2023-10-15T20:33:22.685Z mediasoup:ERROR:Channel Producer Channel error: Error: write EPIPE
2023-10-15T20:33:22.731Z mediasoup:ERROR:PayloadChannel Producer PayloadChannel error: Error: write EPIPE
2023-10-15T20:33:22.751Z mediasoup:ERROR:Worker worker process died unexpectedly [pid:19, code:null, signal:SIGABRT]

@GEverding GEverding added the bug label Oct 15, 2023
@GEverding
Copy link
Author

2023-10-15T20:43:50.557Z mediasoup:ERROR:PayloadChannel Producer PayloadChannel error: Error: read ECONNRESET
2023-10-15T20:43:50.558Z mediasoup:ERROR:Channel Producer Channel error: Error: read ECONNRESET
2023-10-15T20:43:50.559Z mediasoup:ERROR:Worker worker process died unexpectedly [pid:20, code:null, signal:SIGABRT]

Also seen it with this error as well.

@jmillan
Copy link
Member

jmillan commented Oct 16, 2023

@GEverding, there is basically no description about the issue. Please elaborate the scenario in which the problem happens, and wether it reproduces always, etc.

@GEverding
Copy link
Author

My apologies I was dealing with another issue. I'm seeing this in normal use of mediasoup in production. It's a fairly rare issues. My guess is it happens when a client disconnects half way through setup because I see this more on startup of a new instance. I know you really need core dumps for this and I'm working on that.

@jmillan
Copy link
Member

jmillan commented Oct 16, 2023

The error refers to the UnixSocket between Node and C++ worker. It's not related to client connections.

@GEverding
Copy link
Author

Do you want a core dump to debug this or do you need something else. I did see this on v20 but I'm seeing it more on v21-nightly (there's a node ssl crash in v20-v18)

@ibc
Copy link
Member

ibc commented Oct 16, 2023

Coredump please. If you figure out reliable steps to reproduce it would be great but I think that will be hard.

@GEverding
Copy link
Author

Still working on the core dump. but saw this in the log and might be the issue:

2023-10-16T19:42:22.374Z mediasoup:ERROR:Worker (stderr) (ABORT) RTC::IceServer::HandleTuple() | failed assertion `this->tuples.empty()': state is 'disconnected' but there are 1 tuples

@ibc
Copy link
Member

ibc commented Oct 16, 2023

Interesting. I will check tomorrow. If you can get the core dump it would be better but maybe I'm able to figure out the issue without it.
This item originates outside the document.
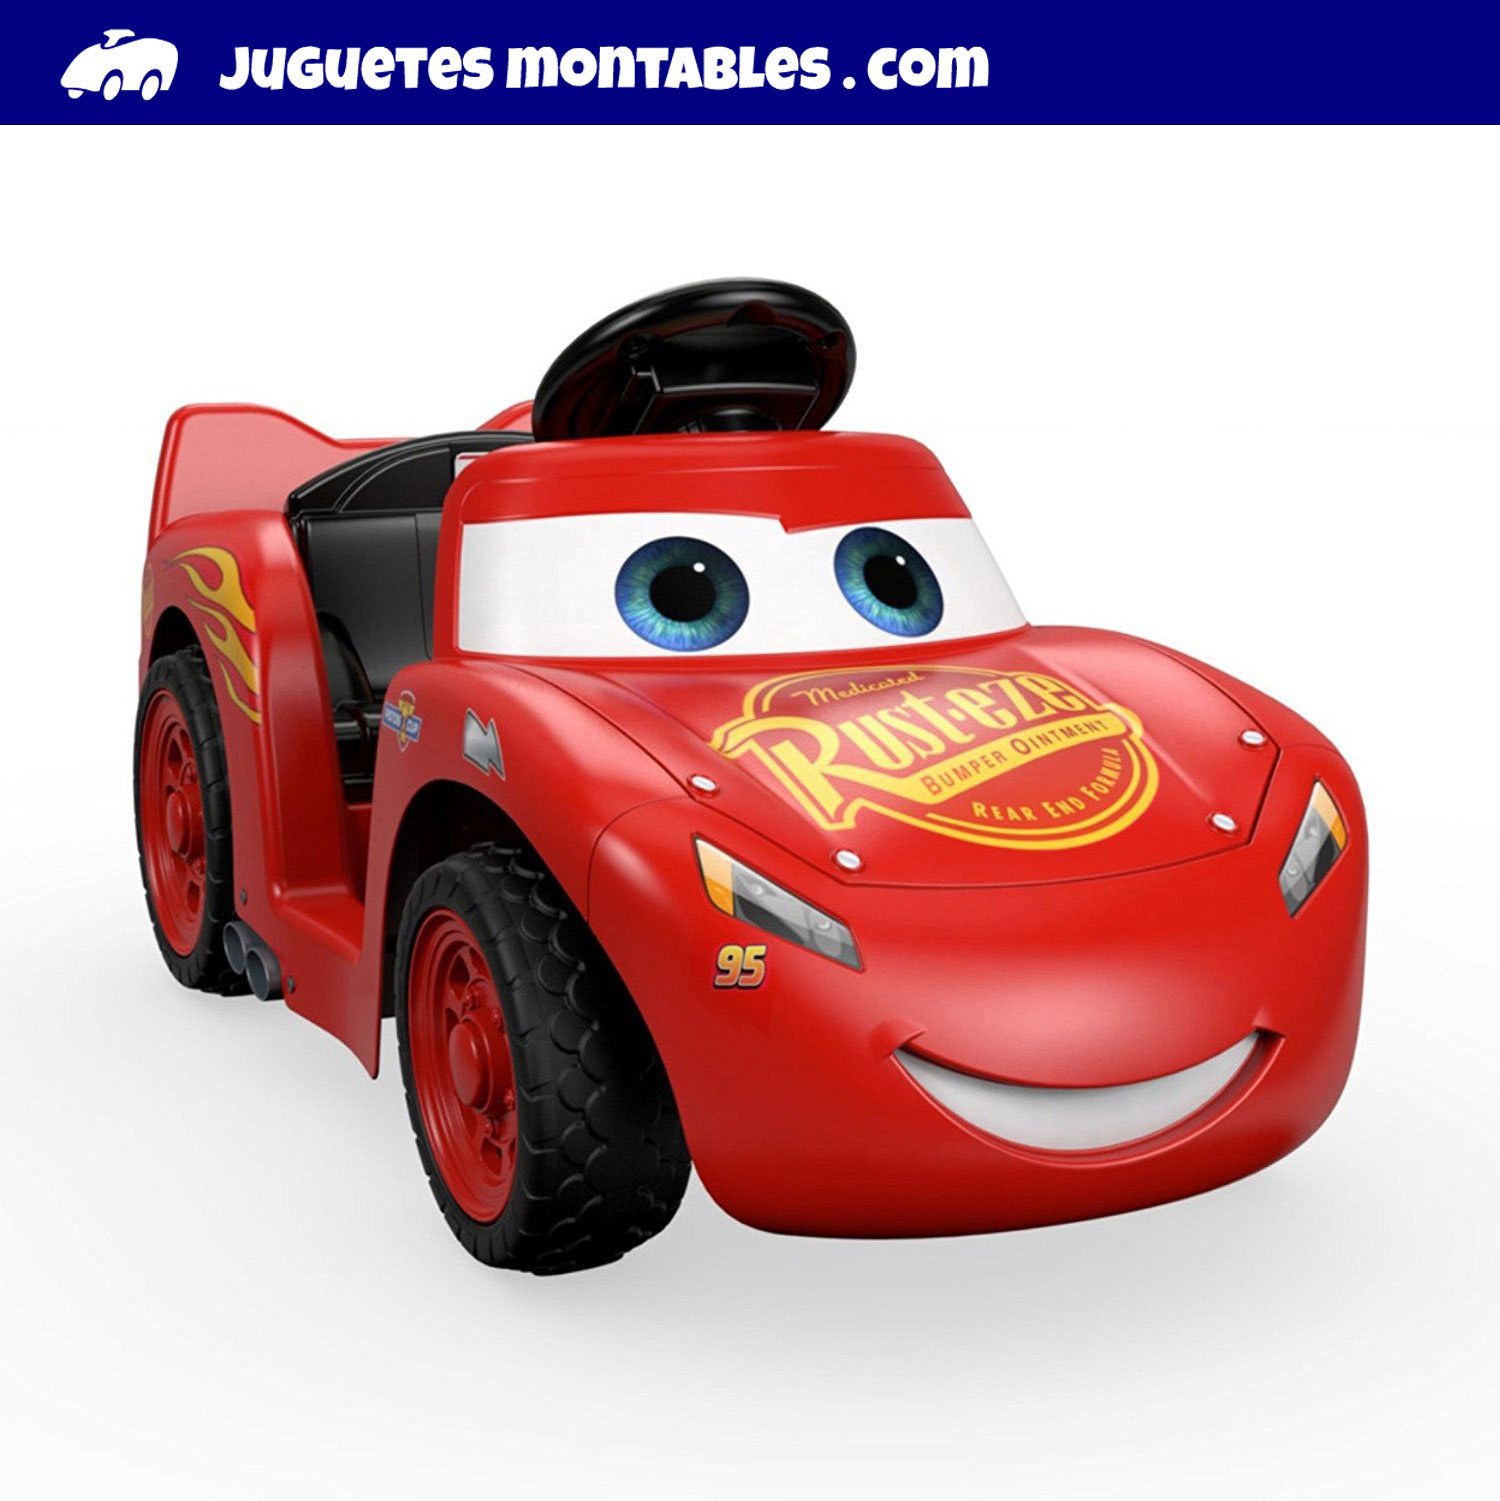 Juguetes Montables USA on Twitter: "CARS Carro Montable Infantil Juguete de Disney Pixar para (Amazon Estados ▻ https://t.co/S1nwhzUHoQ https://t.co/WxgCYEFcTG"

Thanks.

@GEverding
Copy link
Author

GEverding commented Oct 17, 2023

(gdb) bt full
#0  __GI_raise (sig=sig@entry=6) at ../sysdeps/unix/sysv/linux/raise.c:50
        set = {__val = {0, 167607312, 0, 5, 0, 281470681743361, 281473119789568, 281473931202416, 281473119637420, 187650778675576, 281473114525712, 281473114527504, 187651764764656,
            281473931202384, 281473115126340, 1}}
        pid = <optimized out>
        tid = <optimized out>
        ret = <optimized out>
#1  0x0000ffff910a7aa0 in __GI_abort () at abort.c:79
        save_stage = 1
        act = {__sigaction_handler = {sa_handler = 0x0, sa_sigaction = 0x0}, sa_mask = {__val = {281473116505920, 2676586395008836901, 2676586395008836901, 2334397743342383717,
              7813874495109036581, 684901, 2317476195752624424, 0, 0, 18446744073692774400, 0, 0, 1, 4616194021469978624, 0, 4616194021471028225}}, sa_flags = 1074791425,
          sa_restorer = 0xaaaada013978 <[email protected]>}
        sigs = {__val = {32, 0 <repeats 15 times>}}
#2  0x0000aaaad9a4b00c in RTC::IceServer::HandleTuple(RTC::TransportTuple*, bool, bool, unsigned int) ()
No symbol table info available.
#3  0x0000aaaad9af7b5c in non-virtual thunk to RTC::WebRtcServer::OnTcpConnectionPacketReceived(RTC::TcpConnection*, unsigned char const*, unsigned long) ()
No symbol table info available.
#4  0x0000aaaad9ad3948 in RTC::TcpConnection::UserOnTcpConnectionRead() ()
No symbol table info available.
#5  0x0000aaaad9d91794 in uv.read ()
No symbol table info available.
#6  0x0000aaaad9d920f4 in uv.stream_io ()
No symbol table info available.
#7  0x0000aaaad9d98d54 in uv.io_poll ()
No symbol table info available.
#8  0x0000aaaad9d8c734 in uv_run ()
No symbol table info available.
#9  0x0000aaaad99d8784 in DepLibUV::RunLoop() ()
No symbol table info available.
#10 0x0000aaaad99e2060 in Worker::Worker(Channel::ChannelSocket*, PayloadChannel::PayloadChannelSocket*) ()
No symbol table info available.
#11 0x0000aaaad99d72a0 in mediasoup_worker_run ()
No symbol table info available.
#12 0x0000aaaad99d5ea4 in main ()
No symbol table info available.

Is this enough of a coredump? I have not been able to repo in testing.

@ibc
Copy link
Member

ibc commented Oct 17, 2023

Yes, it's enough. Thanks. Will work on it finally tomorrow. BTW do you have some special scenario such as clients connecting to mediasoup through TCP instead of UDP? Are you using separate WebRtcServer to make all WebRtcTransports listen in same port(s) or not?

@GEverding
Copy link
Author

Yes we have some clients using TCP b/c of network restrictions. We run UDP and TCP on different ports.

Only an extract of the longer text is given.